**RAW DATA:**
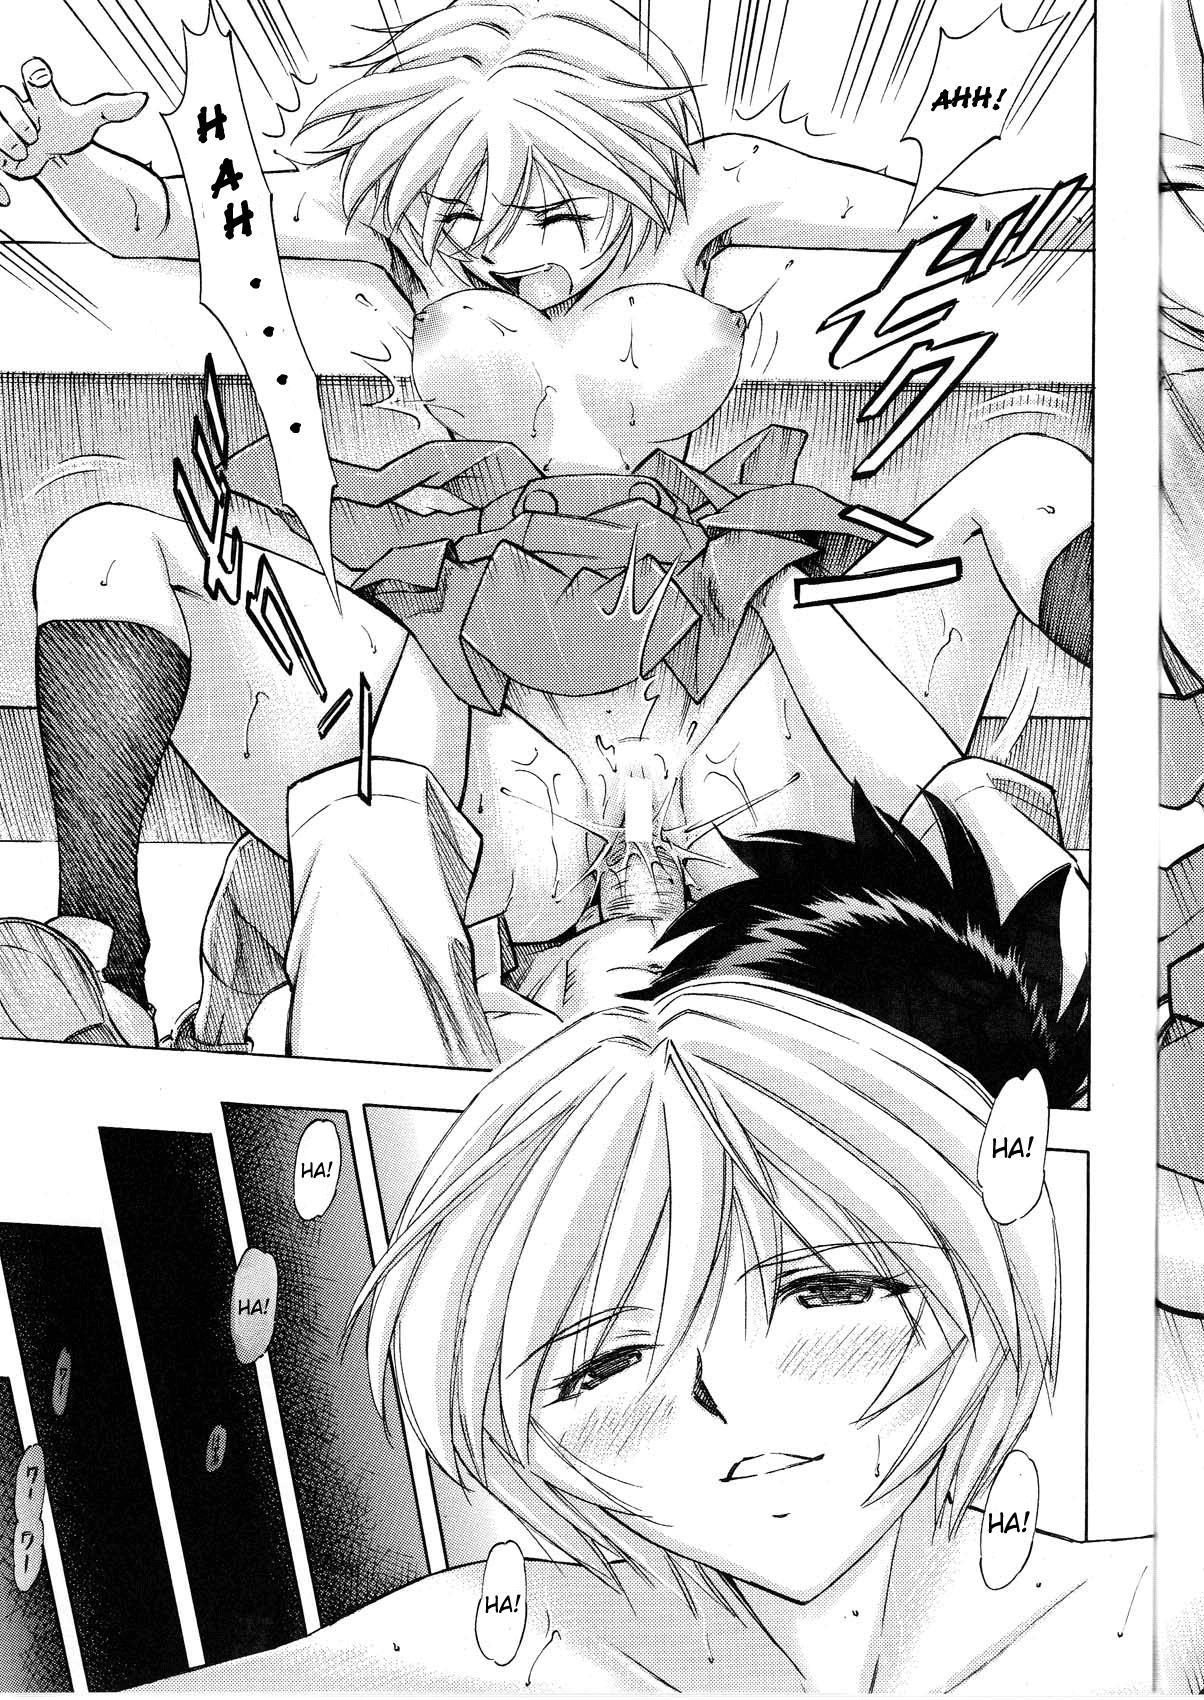 Ayanami no Toki 22
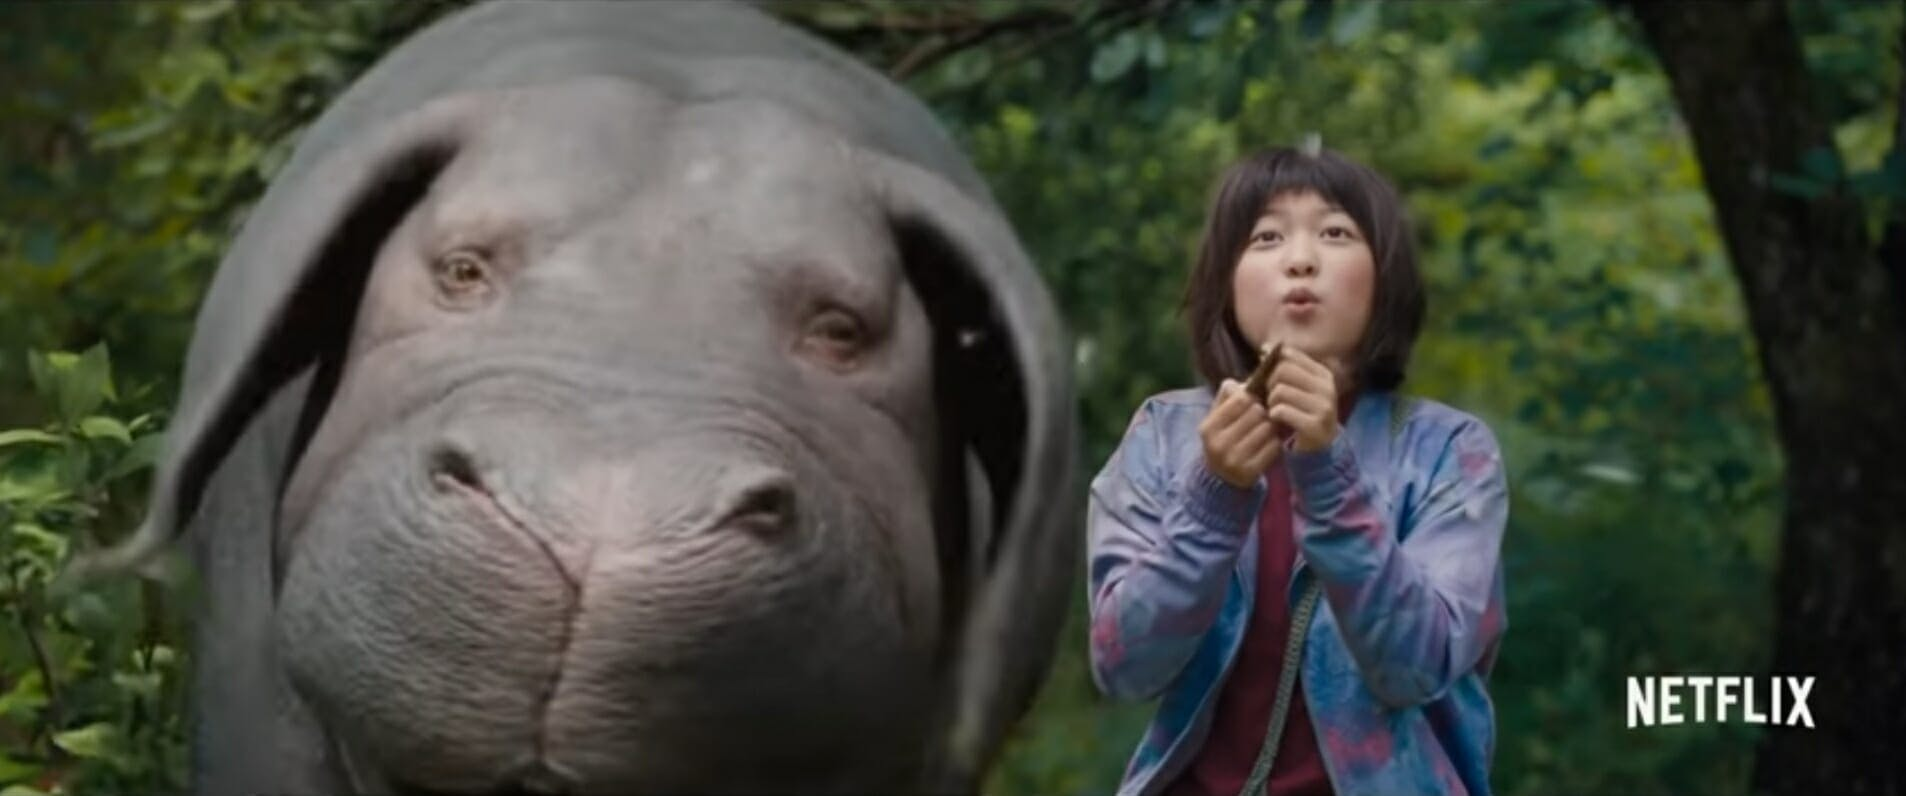 weird movies netflix : Okja
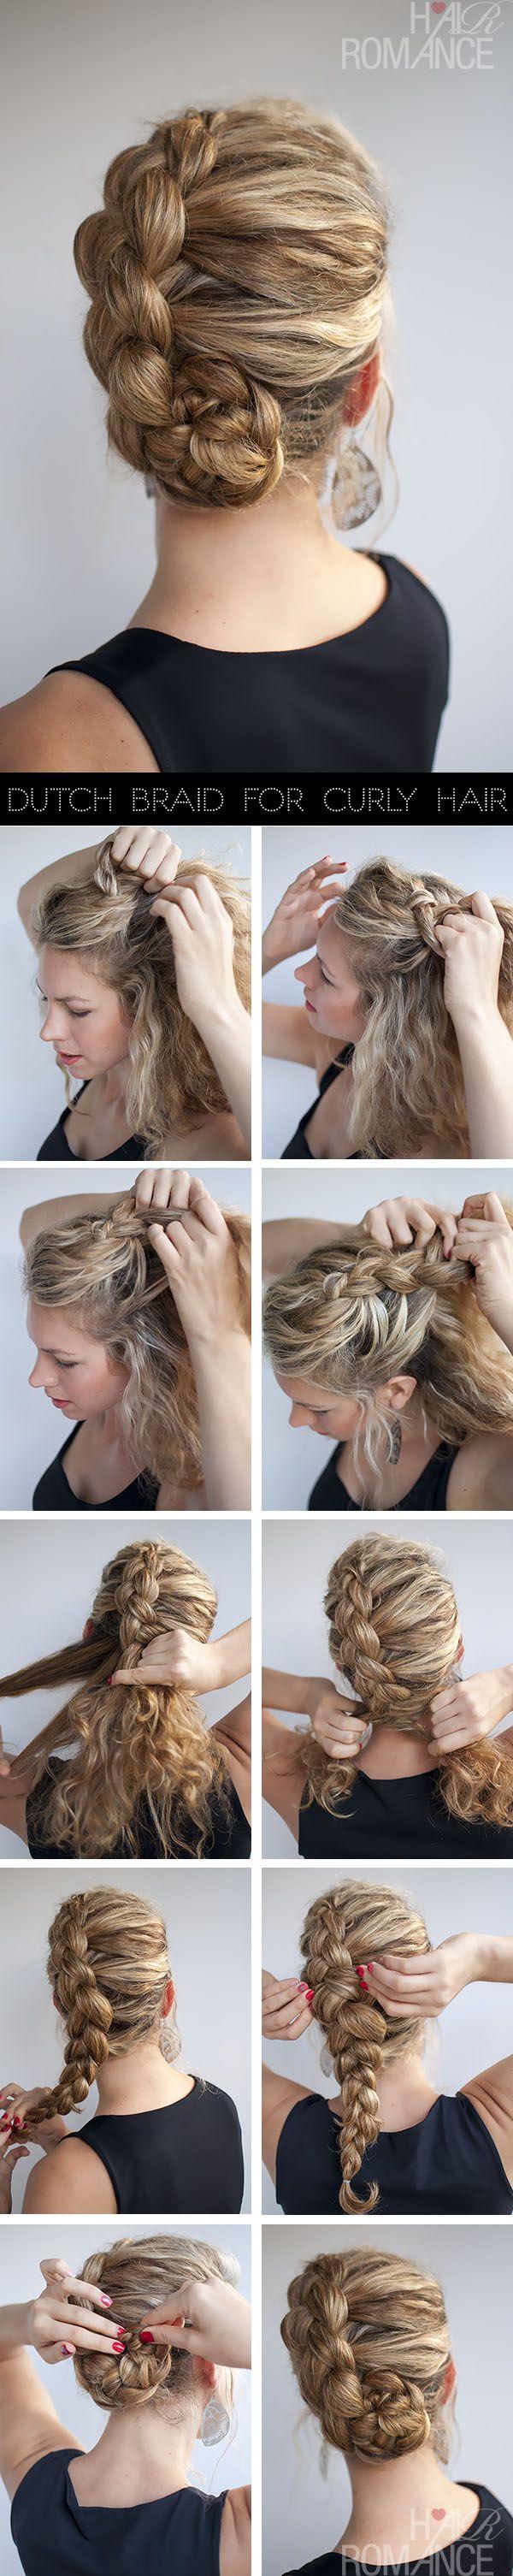 Hair+Tutorials+for+Medium+Hair | Hairstyle for curly hair: Dutch braid tutorial | Hair Romance
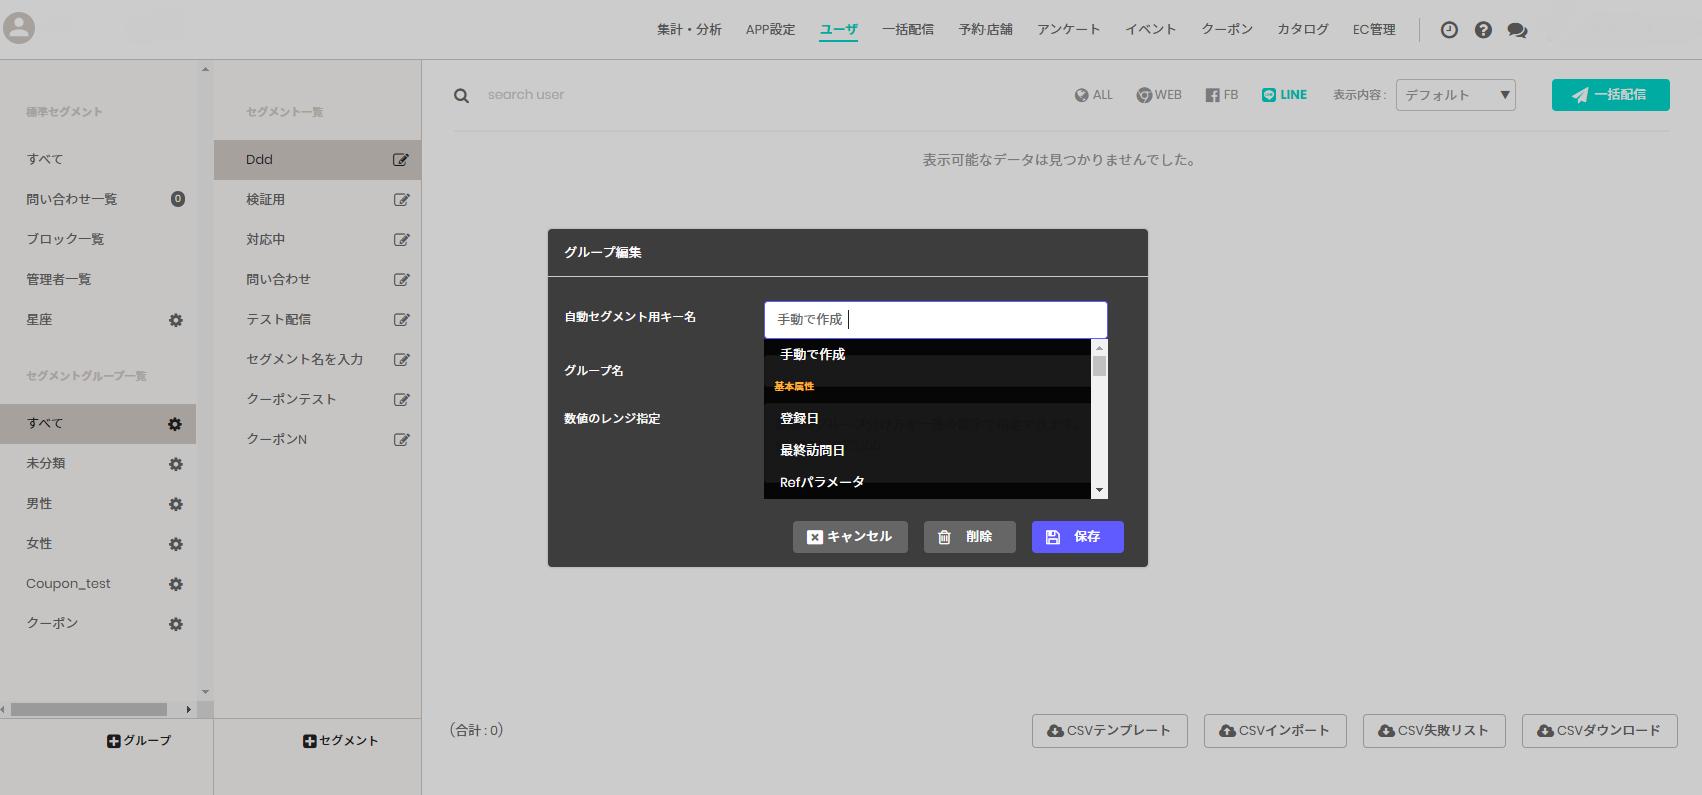 新ユーザーセグメントの設定方法

**WHAT YOU SHOULD DO:** Exactly the lines from the one with "Hair+Tutorials+for+Medium+Hair | Hairstyle" to the last line of the listing are wanted, both ends included and pictures excluded.

**RESPONSE:**
 Hair+Tutorials+for+Medium+Hair | Hairstyle for curly hair: Dutch braid tutorial | Hair Romance
 新ユーザーセグメントの設定方法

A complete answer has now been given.